The promise (what promise? repent and be baptized for the remission of sins and you will receive the gift of the Holy Spirit) THAT promise is to you, your children, and those far off - THAT promise is TO as many as the Lord our God will call.

What promise? Tell your children and those far off that if they repent and are baptized in the name of Jesus (repentance, faith, leading to obedience) for the remission of sins that they will receive the Holy Spirit. And they will only repent if God has called them.

Phillip

[Edited on 1-15-05 by pastorway]


----------



## Scott Bushey (Jan 14, 2005)

Phillip,
Peter is speaking with Israelites. What do you think they thought when he said this?

Act 2:36 Therefore *let all the house of Israel *know assuredly, that God hath made that same Jesus, whom ye have crucified, both Lord and Christ. 
Act 2:37 Now when they (the house of Israel) heard this, they(the house of Israel) were pricked in their heart, and said unto Peter and to the rest of the apostles, Men and brethren, what shall we do? 
Act 2:38 Then Peter said unto them (the house of Israel), Repent, and be baptized every one of you (the house of Israel) in the name of Jesus Christ for the remission of sins, and ye shall receive the gift of the Holy Ghost. 
Act 2:39 For the promise is unto you (the house of Israel), and to your children, and to all that are afar off, even as many as the Lord our God shall call. *my emphasis added*

How is this any different from what they knew as the Abrahamic promise?

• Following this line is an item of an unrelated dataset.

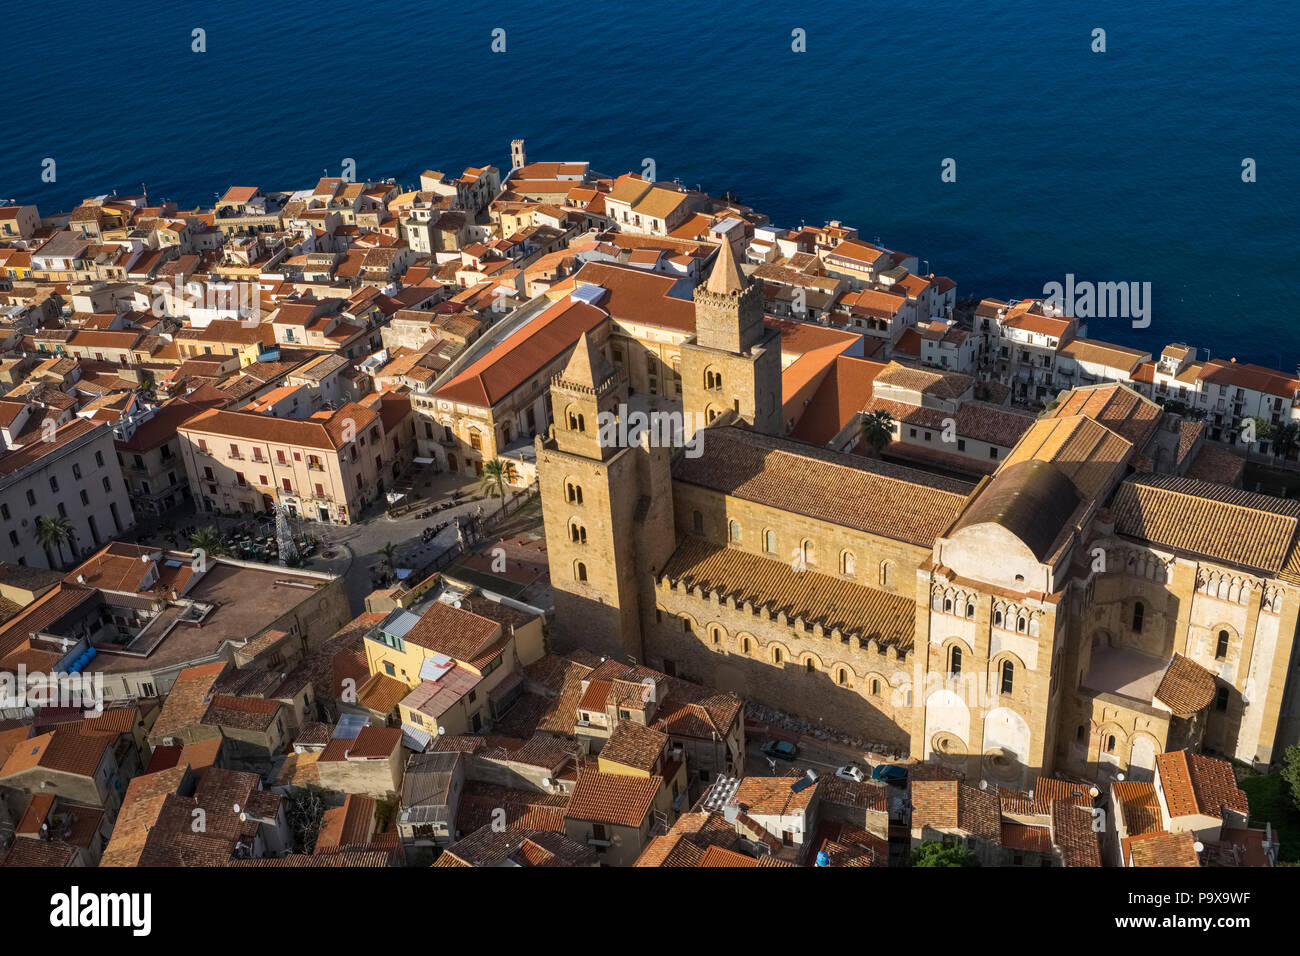 Vue aérienne de la cathédrale de Cefalù et les toits rouges de l'architecture des bâtiments, Cefalù, Sicile, Italie, Europe Banque D'Images

[Edited on 1-15-2005 by Scott Bushey]


----------



## Ianterrell (Jan 14, 2005)

Gabe,

I've enjoyed are sometimes warm, sometimes heated discussions. And like all beleivers of God's Word I take pleasure when I feel someone has gotten more light on an issue. Hey I feel like I'm learning a lot about CT in our present exchanges. 

My own recent change in positions actually came while in the midst of studying Believers Only Baptism, and my former pastor (and current friend's) Baptist version of Covenant Theology. Keep the lamp oil fresh brother.


----------



## Larry Hughes (Jan 14, 2005)

Ex Nihilo,

That's funny, very similar. 

You know I never ever even thought about reading John Calvin until much later and do you know why? Not because I wanted to be convinced by John Calvin. Not at all. It was shear curosity. I heard so many times about how wrong John Calvin was on this issue, I thought, "I have GOT to read what he said about it that's got everyone so worked up."

Larry


----------



## Bladestunner316 (Jan 14, 2005)

Maybe we should keep this as Gabe's thread


----------



## Scott Bushey (Jan 14, 2005)

> _Originally posted by Bladestunner316_
> Maybe we should keep this as Gabe's thread



Nathan,
Is there something that was said that would offend Gabriel?


----------



## Bladestunner316 (Jan 14, 2005)

No No I only meant that if you Paul and PW are going to have a seperate discussion then it might be best to start a new thread thats all 

:bigsmile:

blade


----------



## Scott Bushey (Jan 14, 2005)

[email protected]@K; pastorway did just that............


----------



## Bladestunner316 (Jan 14, 2005)

LOL

Hey I was just tryin to help


----------



## ARStager (Jan 14, 2005)

> I think I read Calvin's view on them, and I knew most Baptists disagreed, but I thought what he said was correct in that they "separate us from the world" through participation in them, and everything else the WCF mentions.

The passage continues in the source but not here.